In the mirror, a shell so delicately worn,
A porcelain figure, so fragile, forlorn,
Each curve and contour meticulously crafted,
Yet within this facade, the spirit feels drafted.

Glimmers of beauty that dance in the light,
Hide the tempest raging just out of sight,
With each passing glance, a whisper of dread,
The voice in my mind spins webs in my head.

A fragile shell, painted with care,
Conceals the torment that lingers elsewhere,
For every compliment feels like a knife,
Carving deeper the rift between body and life.

This shell is my armor, my fortress, my guise,
Yet I crumble beneath it, I shatter, I cry,
Inside, a tempest that rages and churns,
As I cling to the hunger that flickers and burns.

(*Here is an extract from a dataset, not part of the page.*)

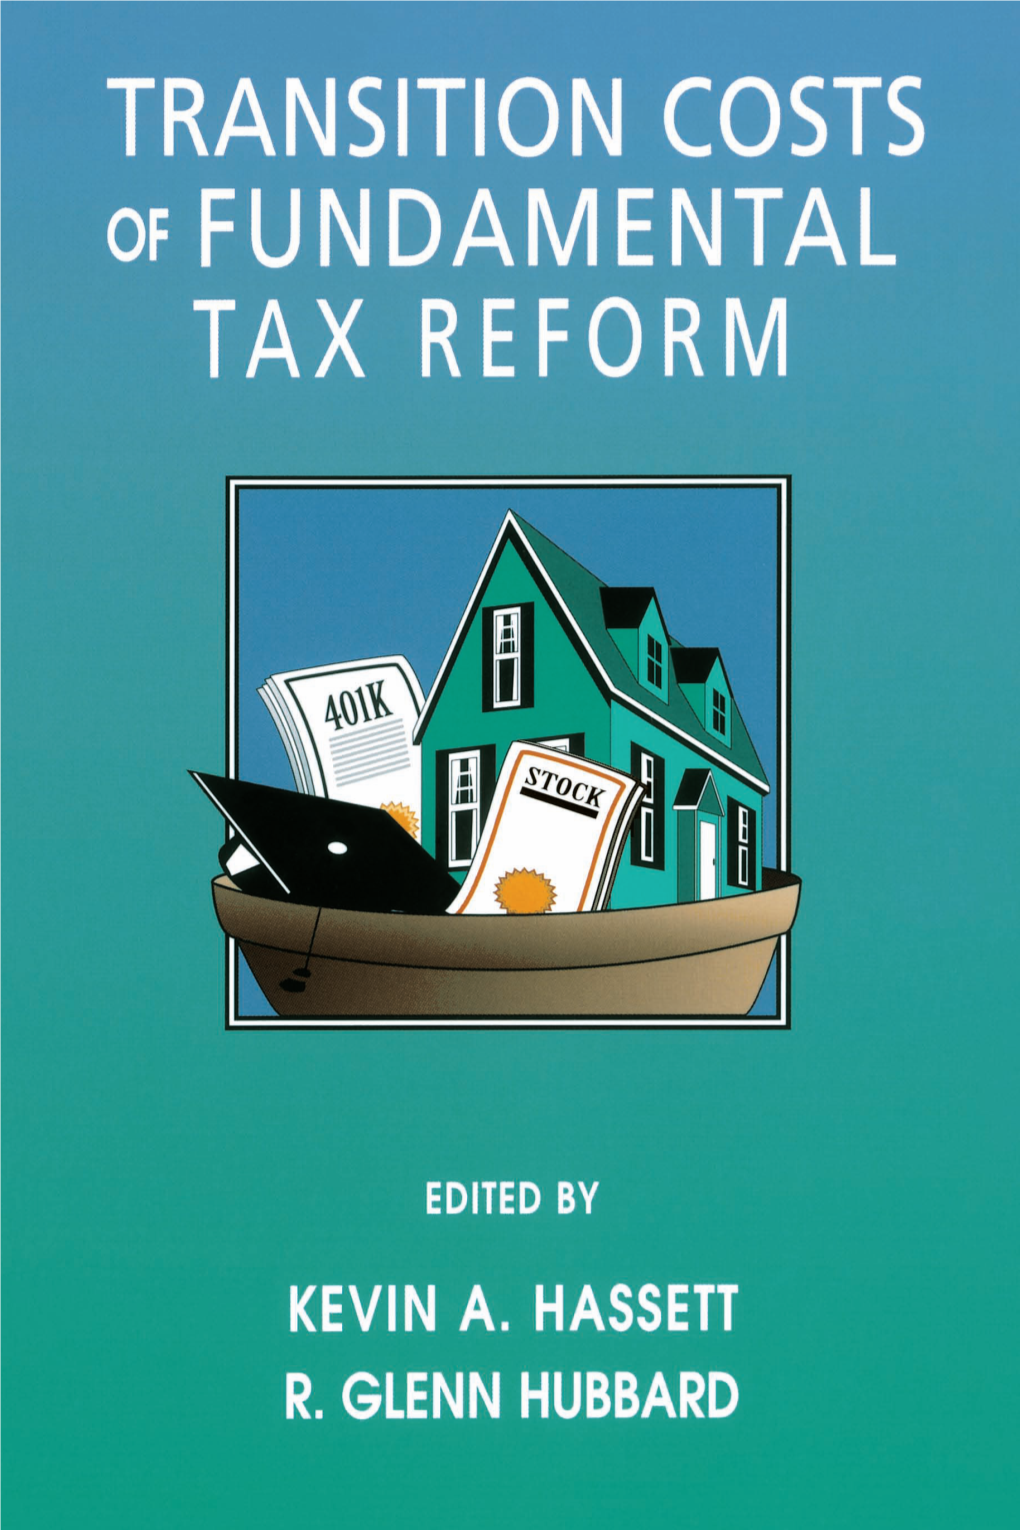 A Book on Tax Reform

Each meal is a battle, each bite a defeat,
While the world sees perfection, I'm lost in retreat,
With hollowed-out echoes that echo my plight,
A ghost in a shell that hides from the light.

Like a seashell abandoned on desolate shores,
I'm lost in a tempest that endlessly roars,
The beauty that glistens is veiled in despair,
A treasure so precious, yet stripped, laid bare.

I'm drowning in whispers that echo inside,
In a battle for self where my hopes try to hide,
Yet beneath this shell, there's a flicker, a flame,
A yearning for freedom, to break free from shame.

If only this shell could be shattered with grace,
And expose the fierce heart that resides in this space,
I'd rise from the ashes of this fragile façade,
And reclaim the strength I've kept so well trod.

For though I may tremble in moments of strife,
There's power in vulnerability, beauty in life,
A fragile shell cannot hold what is true,
As I seek to embrace all the layers of me, too.